One of the best ways to overcome intolerance is through education and exposure to different people and viewpoints. An inclusive curriculum contributes to a safer school environment for not only LGBT+ students but all students. LGBT+ inclusive curriculum is also integral to teaching accurate information. Americans are presently situated within a political, cultural, and social context where collective values and legal rights are being challenged by those who hold power and privilege. While this is not unique to contemporary times, it is a time in which we, as a society, must recognize the critical importance of historical accuracy and the need to build the skills necessary to discern facts about who we are collectively and as individuals. LGBT+ people have made important contributions in history, art, science, literature, and countless other areas. Schools should be in the business of revealing and recognizing those individuals and their contributions.

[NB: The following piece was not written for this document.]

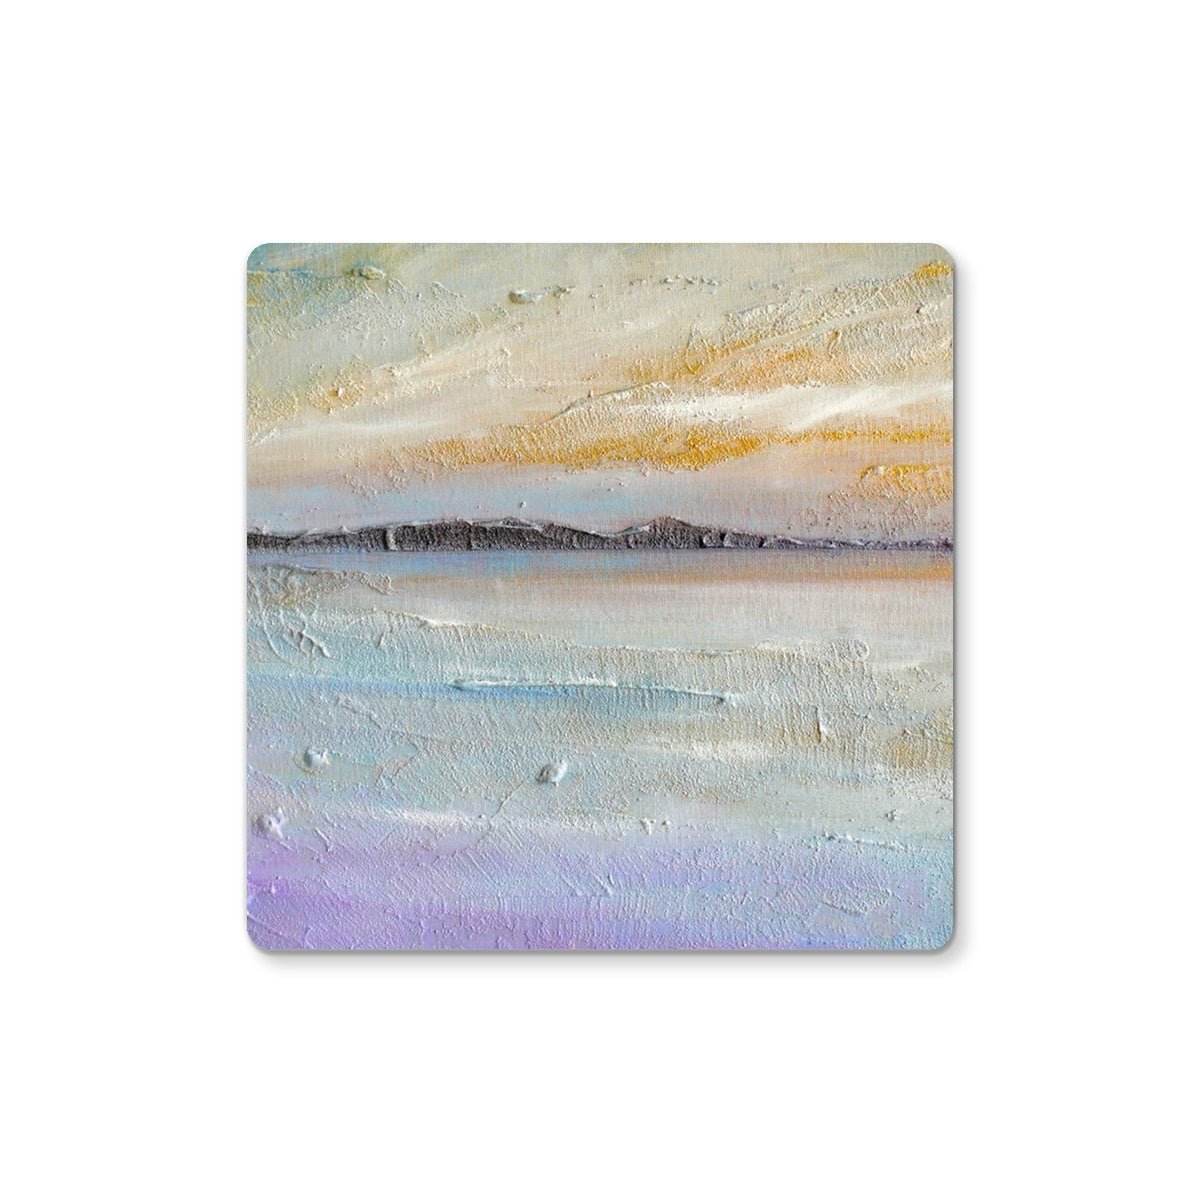 Sollas Beach South Uist Art Gifts Coaster-Coasters-Hebridean Islands Art Gallery-Single Coaster-Paintings, Prints, Homeware, Art Gifts From Scotland By Scottish Artist Kevin Hunter

NCSS’s vision is of a world in which all students are educated and inspired for lifelong inquiry and informed civic action. To achieve this vision, NCSS advocates and builds capacity for high-quality social studies by providing leadership, services, and support to educators. The vision and mission of NCSS are enacted through five strategic priorities. One of which is inclusiveness.
Priority #4 Inclusiveness
NCSS encourages, promotes and ensures inclusiveness that reflects society and strengthens civic life.
a. Provide opportunities for multiple viewpoints to be shared, supported and respected.
b. Develop and regularly review policies and practices to ensure opportunities for underrepresented groups to actively participate in NCSS.
c. Support efforts that ensure the social studies teaching profession are inclusive and diverse.
In early March 2020, NCSS signed onto a statement, National Groups Condemn Increasing Attacks on LGBTQ Books. Together we argue that books featuring LGBTQ characters and issues are under attack in schools and libraries across the United States and when queer stories are silenced in this way, LGBTQ youth and children from LGBTQ families get the message that their own stories—their very lives—do not have value, that they are shameful. Most concerning is when public schools or libraries yield to pressure to remove, red-flag or limit access to LGBTQ books, they undermine free speech principles, further isolate LGBTQ youth and deprive all young people of opportunities to increase their empathy and tolerance of differences. Reading stories that acknowledge LGBTQ experiences, in which students can recognize themselves and their families, reinforces all students’ sense of self-worth and helps them overcome feelings of social marginalization.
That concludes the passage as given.